30 Mag 2018 | Scritto da  Food Safety Lab
Acqua e sicurezza alimentare

Nell’antichità, e comunque fino a tempi recenti, i parametri utilizzati per valutare un’acqua potabile erano essenzialmente di natura organolettica, ovvero basati sulla capacità degli organi di senso di percepire difformità da quella che era ritenuta l’acqua ideale, che doveva essere il più possibile limpida, incolore, inodore e insapore. Per renderla tale si effettuavano operazioni di decantazione e filtrazione.

Nel corso dei millenni, acquisita l’idea che l’acqua poteva essere causa e veicolo di trasmissione di gravi malattie, gli studiosi di ogni epoca hanno cercato di stabilire criteri sempre più avanzati per l’idoneità al consumo umano. Il progresso delle conoscenze in ambito scientifico è stato accompagnato negli ultimi anni da un adeguamento normativo che ha imposto sempre maggiori attenzioni alla qualità delle acque al fine di salvaguardare al meglio la salute umana.
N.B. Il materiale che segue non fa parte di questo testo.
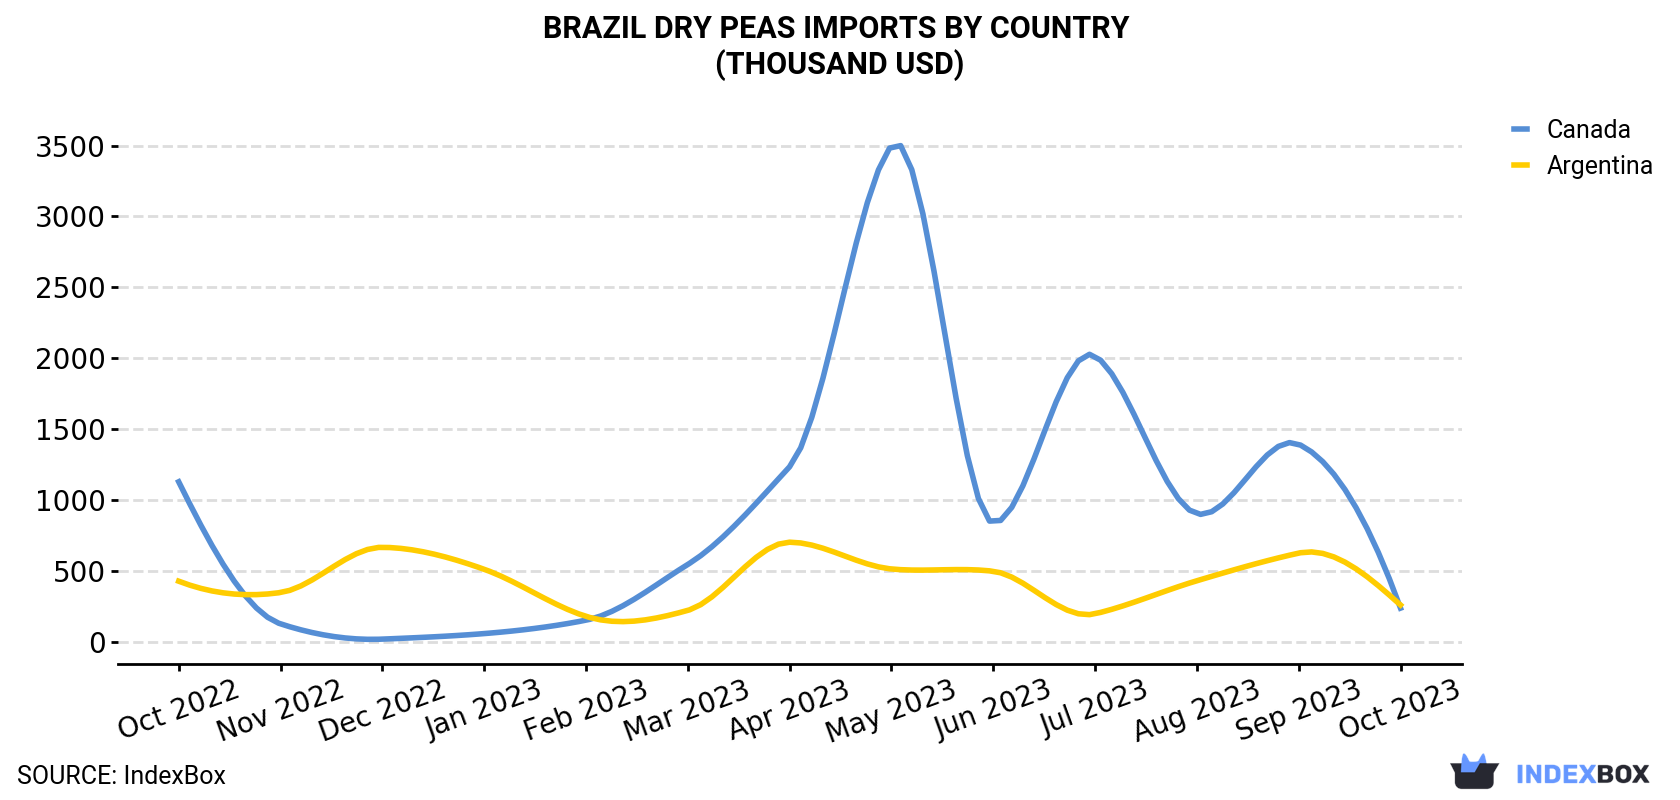 Brazil Dry Peas Imports By Country (Thousand USD)

Strumentazioni di laboratorio sempre più sofisticate permettono oggi di rilevare la presenza di inquinanti in concentrazioni sempre più modeste, inoltre la stragrande maggioranza delle sostanze presenti nell’acqua sono impercettibili agli organi di senso e per questo motivo, in passato, la loro presenza non poteva essere valutata. Ecco perché alcune acque che un tempo erano ritenute potabili oggi, secondo le attuali conoscenze scientifiche e le norme che regolamentano il settore, non lo sono più.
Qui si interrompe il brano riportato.